I'm 90% sure Leo dies. Demi and Leo run away when they find out Leo is moving to Scottland. The Millers alert the police and the media about Demi's disappearance and plead that she comes back home but the media somehow make them look bad. Things appear bad when Leo and Demi have no money and he goes into drugs and eventually gets himself killed!!!!!!!!! Demi returns home with Aleesha. All this happens very slowly and lasts weeks.

----------


## leo is fit

They cant get rid of leo  coz all da teenage gals like me will get pissed  of wid da producers but they cant get rid of demi oh my god Philip Dowling is so crit

----------


## Leo_in_ee_rules

> i think she would only follow him if leo knew she was coming and if they had a plan. i dont think she would go by herself all the way up to scotland with aleesha if leo didnt know and she didnt have a propeer plan as anything could happen


She dont follow him!!! he was meant to leave on thursday and on friday he comes to the millers and then they run  away in london

----------


## Leo_in_ee_rules

> They cant get rid of leo  coz all da teenage gals like me will get pissed  of wid da producers but they cant get rid of demi oh my god Philip Dowling is so crit


I dont think that they will kill leo off, because it will be news headlines on the ee website, like nana moon!!!I think that he probably nearly dies , but i dont think he will! Anyway they cant kill leo off because hes so fit , and teenage girls luv him including me!!!
THIS WOULDN'T BE IN THE RUMOUR MILLS IF IT WAS TRUE!

----------


## Kim

> I'm 90% sure Leo dies. Demi and Leo run away when they find out Leo is moving to Scottland. The Millers alert the police and the media about Demi's disappearance and plead that she comes back home but the media somehow make them look bad. Things appear bad when Leo and Demi have no money and he goes into drugs and eventually gets himself killed!!!!!!!!! Demi returns home with Aleesha. All this happens very slowly and lasts weeks.

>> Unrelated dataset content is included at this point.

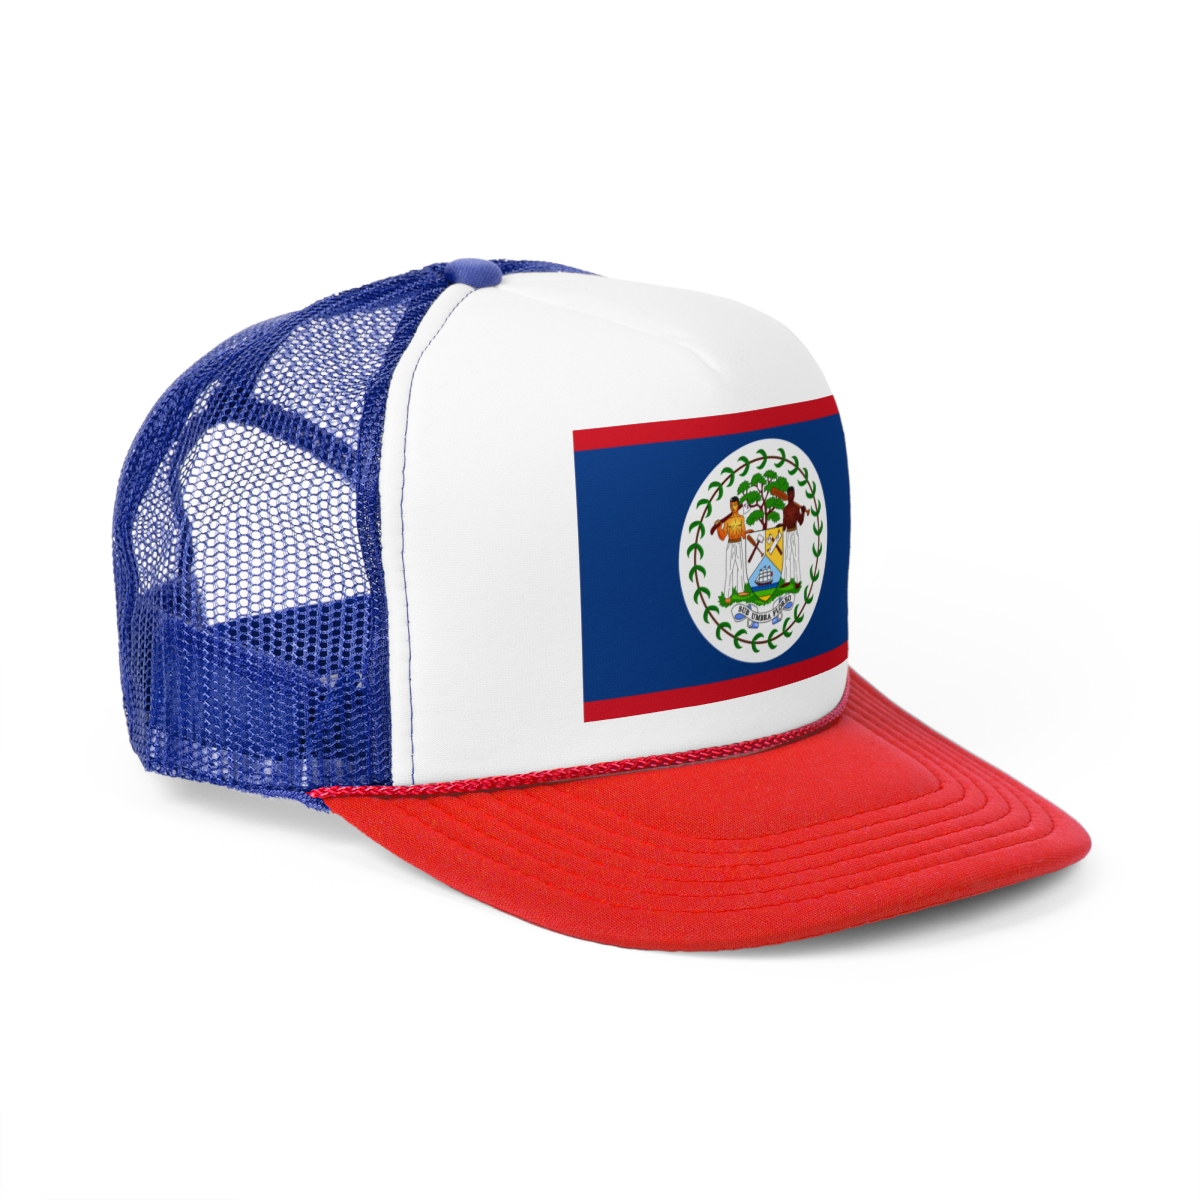 Belize Flag Trucker Cap product thumbnail image

Im sure that it is Demi that dies. When Leo gets involved with drugs to try and earn some money for the family, Demi is involved too and takes a overdose and is left fighting for her life. I would say that it Demi dies because of this.

----------


## leo is fit

Please dont die leo or demi get some ugly person in da show 2 die like ian beals son

----------


## Kim

> Please dont die leo or demi get some ugly person in da show 2 die like ian beals son


Did you mean Stephen ( his step son), Peter or Bobby?

----------


## Chris_2k11

Sorry, but this storyline does not interest me what so ever!   :Embarrassment:

----------


## Dr. Tangliss

> Please dont die leo or demi get some ugly person in da show 2 die like ian beals son


I think that's harsh, no one should die, just because of the way they look. I think, Peter, is a really sweet boy, especailly when he returned the Miller's tv, which is more then the likes of Darren would do.  :Smile:

----------


## Kim

Good point, no one in the miller household would return anything, except Rosie and Mickey.

----------


## xcutiekatiex

yea i agree i dont think any young person will die but if you look at the week 32 (i think) on the friday it says they hear a scream i recon its demi because something has happend to leo

----------


## shaunnaparry

i hope leo or demi dont die because they are a sweet couple and belong together.
and leo cant die cos hes only just really come into ee 

leo and demi 4eva

----------


## Dr. Tangliss

I hope none of them die, they seem like a sweet little couple and deserve to be a family.

----------


## Jade

> Please dont die leo or demi get some ugly person in da show 2 die like ian beals son


Thats a bit harsh.

----------


## suzewebb

Ooo this sounds like yet another happy go lucky ee storyline...... probably one that should be shown on xmas day for the obvious festive cheer that ee likes to spread so well

----------


## kelseybabes

yeah i heard that too i hope none of them die because they are so like the perfect couple and yeah leo is fit too.

----------


## Kim

Ive read in todays Soaplife that Phillip Dowling (Leo) is leaving in one of the most heartbreaking storylines ever. On the first page it says 'Leo's tragic end' so i think that Leo or both of them will die as i know Demi is left fighting for her life.

----------


## i_luv_dennis

its leo

----------


## SoapRach

That is soooo sad!!  hankies at the ready!

----------


## Kim

> its leo


I know that Leo is going to die but Demi may die aswell. Is it  just Leo or both of them?

----------


## Dr. Tangliss

Oh no! I am going to cry, I always do at stuff like that.

----------


## .:SpIcYsPy:.

It is Leo. It was even confirmed. I doubt Demi is going to die.

----------


## .:SpIcYsPy:.

I fell in  :Love:  with Leo and first but now Im wearing off..

----------


## Dr. Tangliss

> I fell in  with Leo and first but now Im wearing off..


Same here

----------


## i_luv_dennis

> I know that Leo is going to die but Demi may die aswell. Is it  just Leo or both of them?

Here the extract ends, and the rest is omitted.